L’alta ispirazione ideale, l’obiettivo di una società libe­ratrice dell’uomo, si contrappone alla tragica mascheratura che si vuole accreditare dall’esterno; essa prende luce dagli atteggiamenti che i protagonisti assumono via via che gli episodi si svolgono, quasi ubbidissero ad una profezia che sin dall’inizio del dramma segna la nascita del secondo figlio di Corrado e nel fratello Aurelio la tragedia di chi intravede il disastro e si accorge di essere impotente a salvare i suoi cari, e l’umanità con essi, a rompere il cerchio dei pregiudizi, dei miti, delle complicità irreali di mentalità incrostate a tradi­zioni crudeli; consapevolezza di chi ha il cuore puro e sa leggere negli eventi, sa già come tutto andrà a finire, e la previsione trova conferma nel finale in cui il senso della ve­rità avvolge un trionfo, ma solo quello della morte.
Le scorie deposte dalla lunga consuetudine borghese ed il conformismo piatto a cui si adattano facilmente le masse acefali, impediscono di accettare il ragionamento della lo­gica umana, derivante da una pienezza di esperienze radicate nella realtà, da divenire saldi fattori di emancipazione del­l’uomo e dell’umanità. La letteratura che affronta e com­batte apertamente la guerra e il militarismo, che ne è lo stru­mento determinante, è carente di opere vive. Il pubblico disinformato, non trovando nel saggio o nel romanzo la chiave che dà soluzioni di pace ai conflitti armati tra Stati e alle stragi prodotte dalle guerre, cosi pensa l’autore, tro­verà nel teatro, nella rappresentazione, lo stimolo che lo aiuterà a prendere coscienza di una realtà che lo minaccia, a individuarne i responsabili e gli esecutori, a cercare altri con i quali legare, ai problemi e alle lotte contingenti, quelli della rivolta alla guerra, alla sovrappopolazione, al razzismo, alla fame — e tutti i rischi mortali della nostra incivile civiltà — in una contagiosa attesa della fine di un mondo troppo vecchio per le idee nuove.
Le idee contenute in questo « abbozzo di vita vissuta » si riallacciano alla crisi ecologica in atto nel mondo, questa essendo un aspetto nuovo di un vecchio problema, avente per moventi lo sfruttamento, l’ineguaglianza e l’ingiustizia, poste in rilievo dall’autore che, per bocca di Aurelio, le sottopone a sferzante critica includendo, opportunamente, una delle componenti maggiori della generale infelicità: l’ac­crescimento della popolazione mondiale.
« Io amo molto i bambini — esclama Aurelio in una delle più persuasive scene — ed è il grande affetto che ho per loro che mi spinge a propagandare l’idea di non farli na­scere, di non metterli al mondo, a questo mondo. È logico: non approvo la loro nascita, perchè non approvo la loro sorte, il loro avvenire, il loro soffrire, la loro fine uguale per tutti: la morte. Questo è il mio solo, vero, umano pensiero, il mio incubo ».
Fu questo grido d’allarme straziante che diede enorme importanza sociale ad una battaglia per la quale Giovanna Berneri e Cesare Zaccaria, anarchici, incorsero nella denuncia penale seguita da processo e condanna, colpevoli di avere sfidato i divieti fascisti contro la propaganda dei metodi anti­concezionali. E fu questo episodio di cronaca giudiziaria, aperto contro gli anarchici un quarto di secolo fa, che ne apri successivamente altri contro sociologi insigni e gli amici dell’A.I.E.D., tra l’ironia compiaciuta della maggior parte della nostra classe politica legalitaria.

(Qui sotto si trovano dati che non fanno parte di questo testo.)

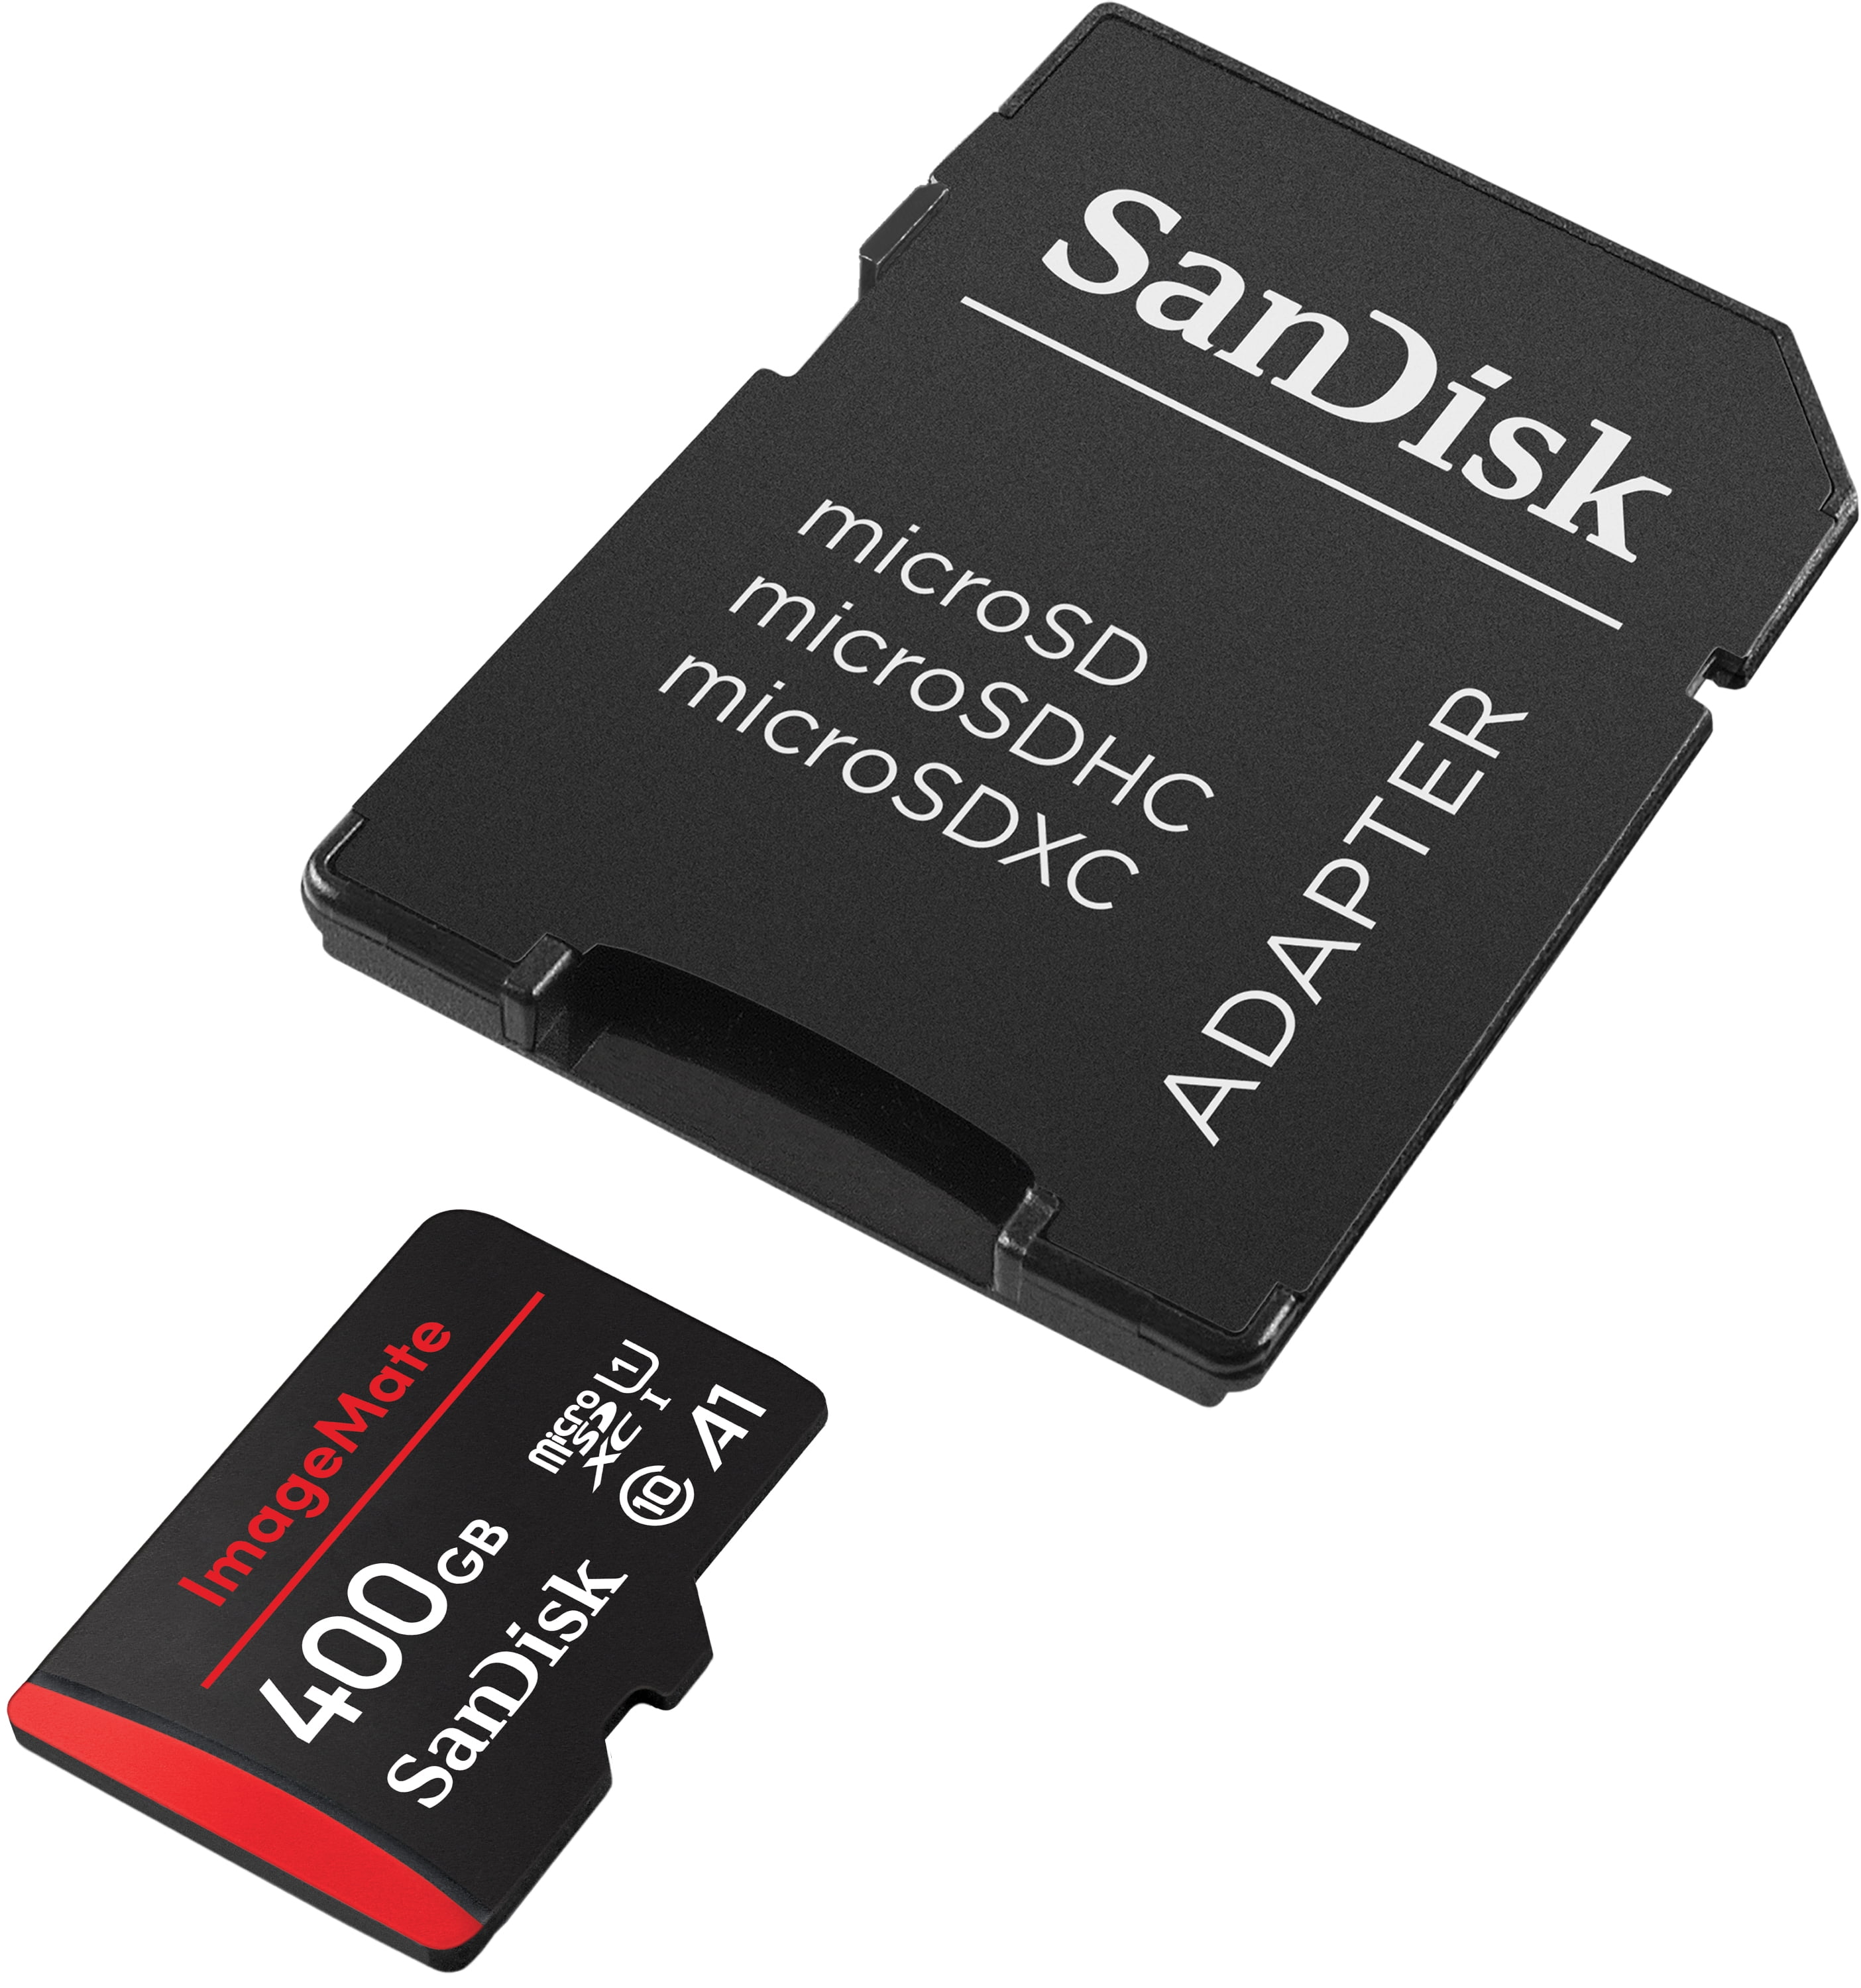 File:256 MB SD Card, SanDisk-2722.jpg - Wikimedia Commons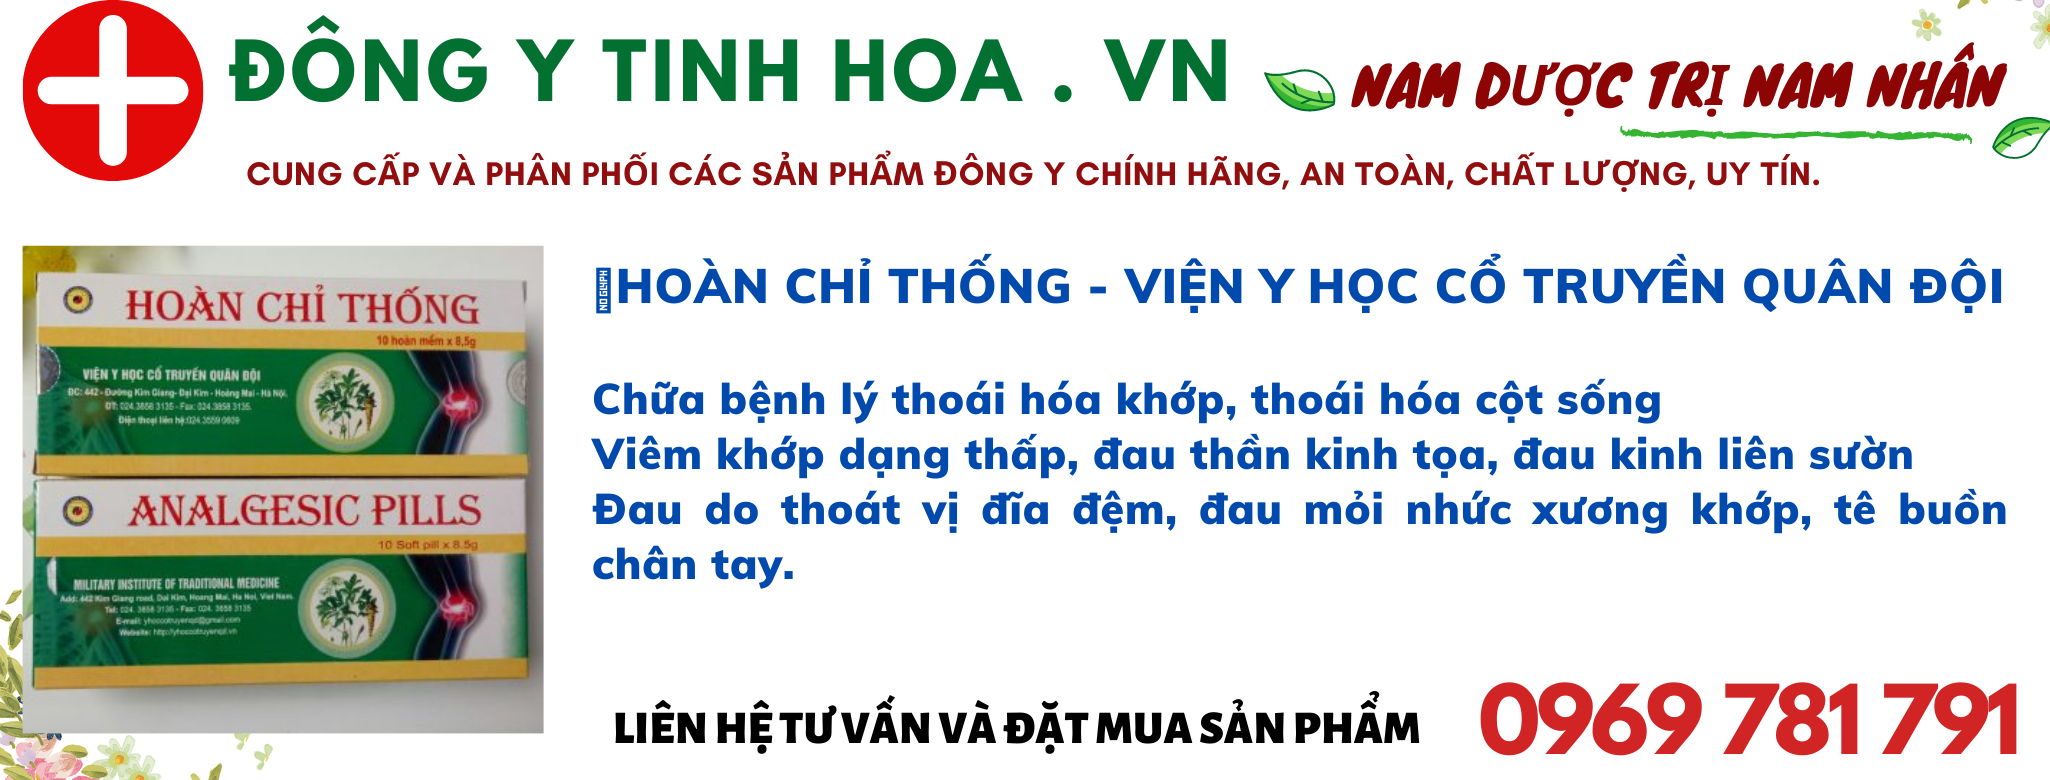 hoan-chi-thong-vien-y-hoc-co-truyen-quan-doi

I problemi della crisi demografica, che investono l’av­venire di circa quattro miliardi di esseri umani oggi viventi, non sono isolati da altri ugualmente gravi e minacciosi, quali la diversità dei livelli di ricchezza dei popoli, che le varie conferenze mondiali ufficialmente riconosciute non sono riu­scite ad equilibrare, a causa degli ostacoli frapposti dai po­tenti della terra i quali, pur consci delle immense respon­sabilità che ricadono sulle loro spalle, tuttavia non intendono rinunciare a quegli interessi particolari — nè la Chiesa ai suoi dogmi sulla procreazione per volontà divina — che a molti sembrano sacrosanti anche se ci hanno condotto sulla soglia di un abisso senza fine.
Idee e argomenti, l’autore li prende dalla vita e dall’anar­chismo che lo aiuta a cercarli; essi sono destinati, perchè profondamente sentiti, a far presa nel pubblico, a commuo­verlo e convincerlo. Non si può non concordare con l’esigenza avanzata dall’autore di propagare ciò che per lunga espe­rienza egli ha vissuto, combattendo lo Stato come potere autoritario e oppressivo, affidandosi all’anarchismo sostan­zialmente benefico.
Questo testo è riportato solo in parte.